▶ **Task instructions**: Take the line that contains "Ravelco anti theft device logo" and each line after it to the end of the data below, and set them down exactly, omitting pictures.

▶ **Data segment**:
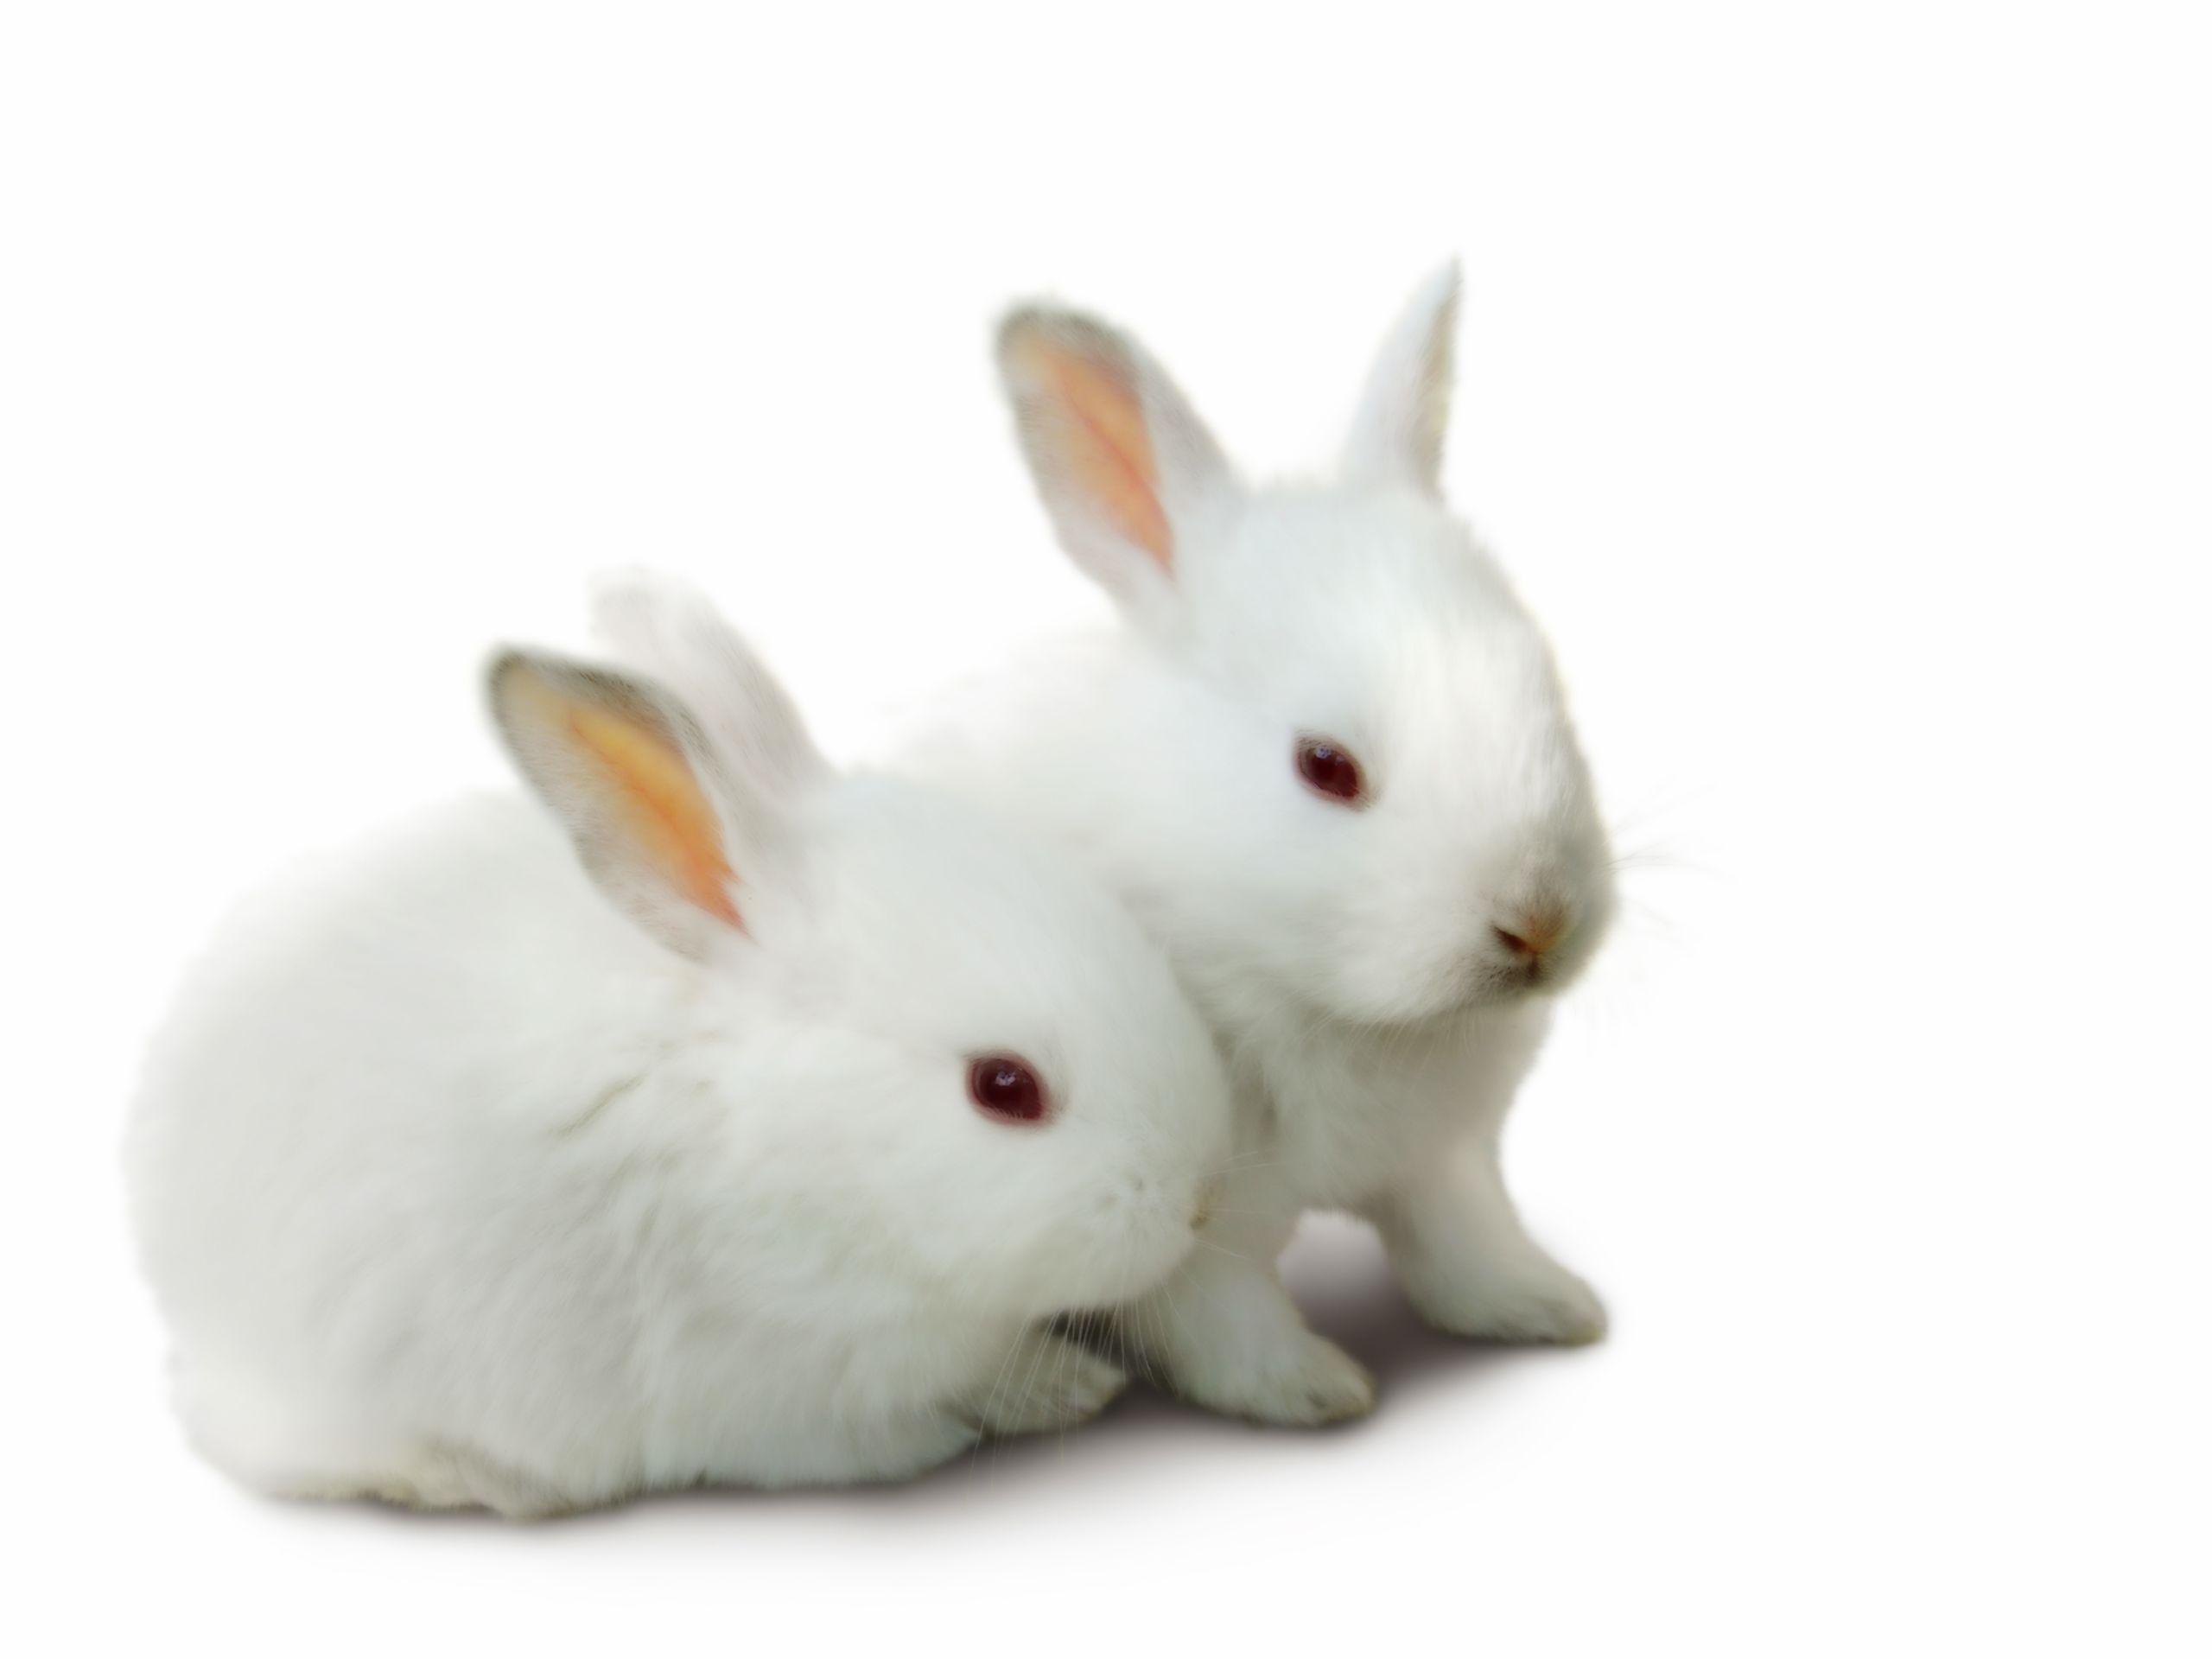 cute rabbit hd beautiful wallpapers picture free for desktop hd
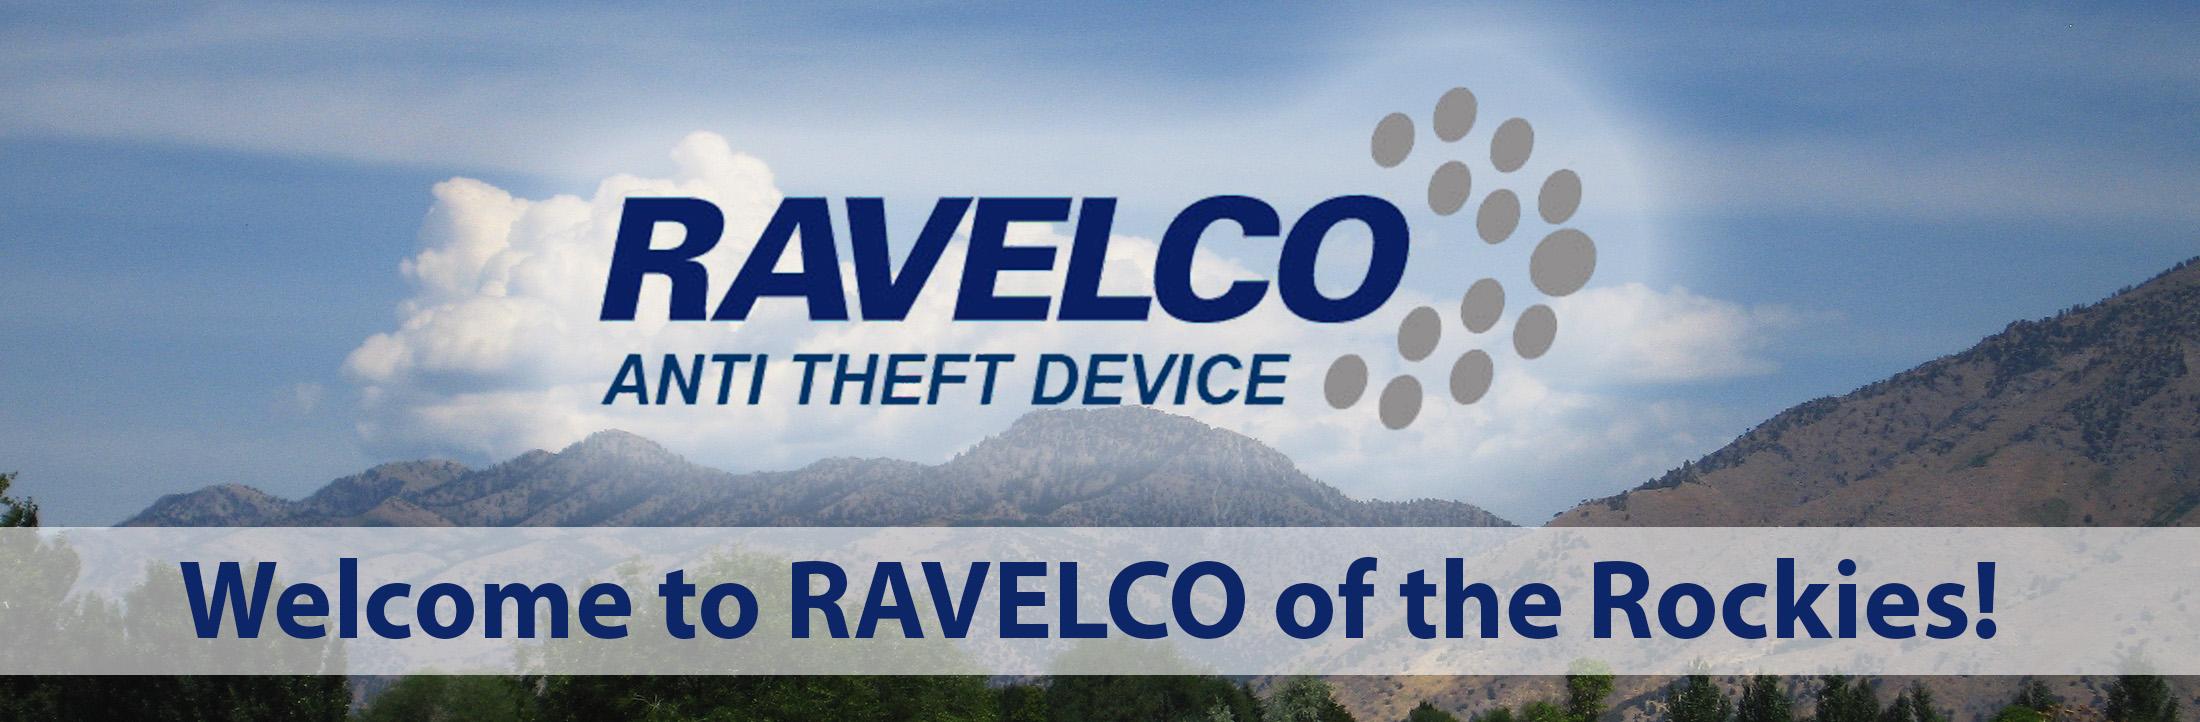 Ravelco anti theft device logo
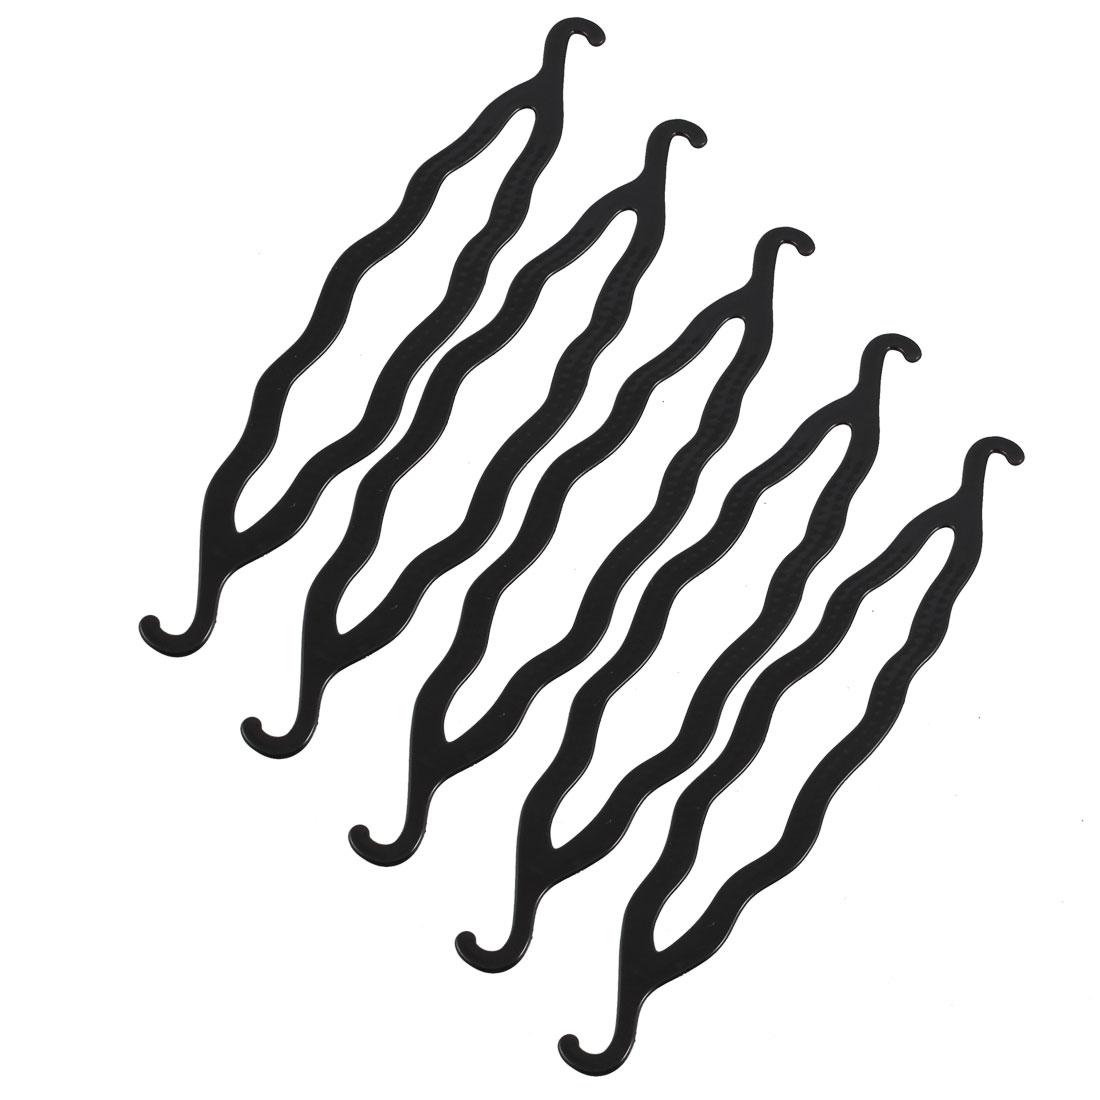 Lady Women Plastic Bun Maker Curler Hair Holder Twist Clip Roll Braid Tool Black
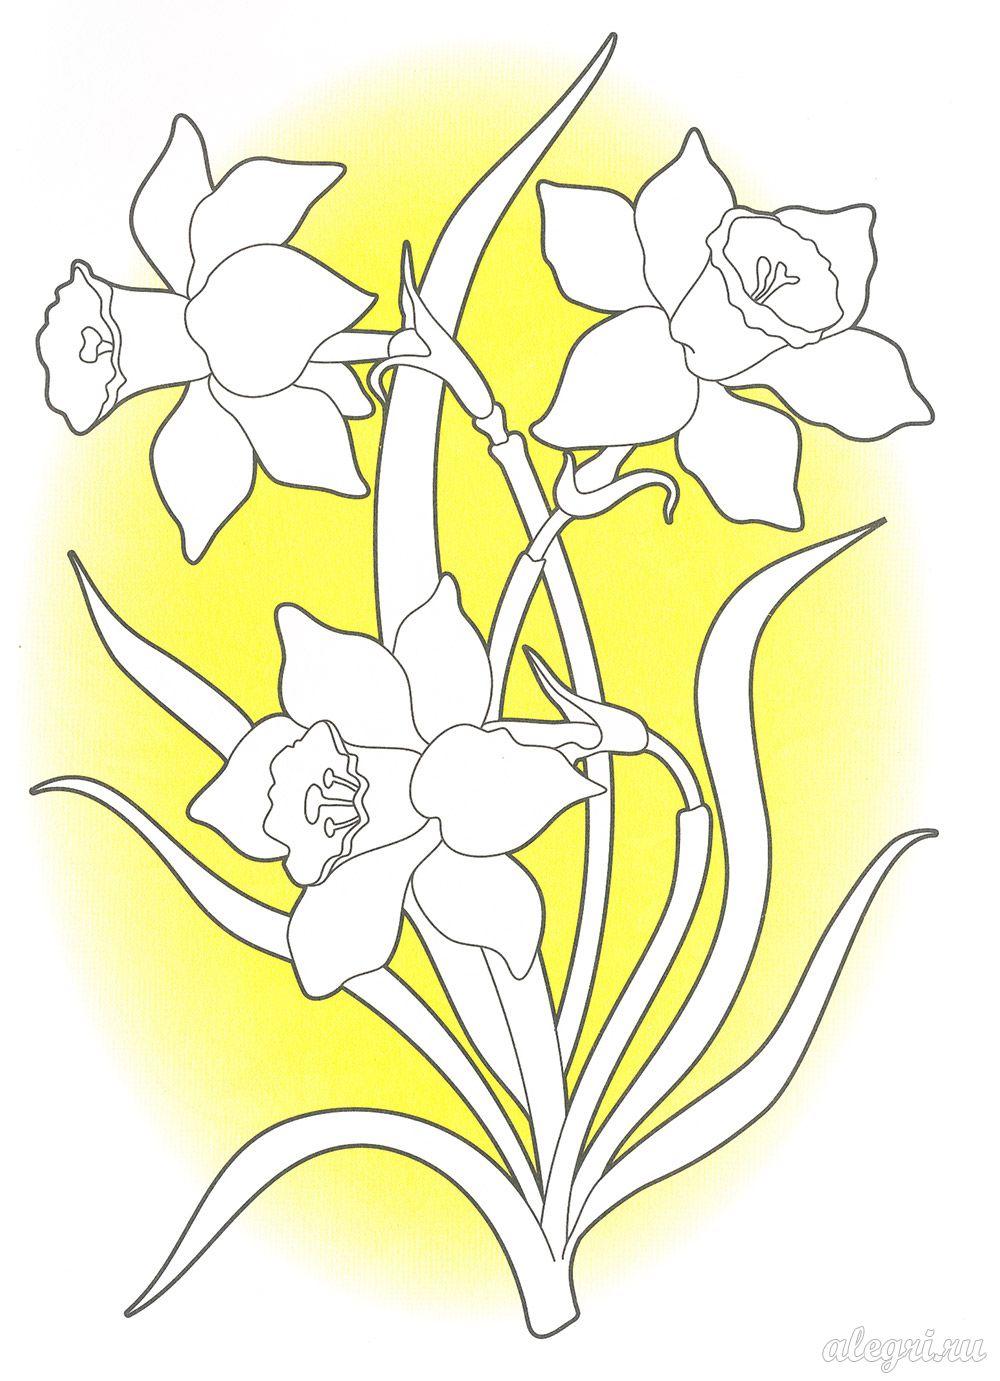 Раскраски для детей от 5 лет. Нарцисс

▶ **Finished task**:
 Ravelco anti theft device logo
 Lady Women Plastic Bun Maker Curler Hair Holder Twist Clip Roll Braid Tool Black
 Раскраски для детей от 5 лет. Нарцисс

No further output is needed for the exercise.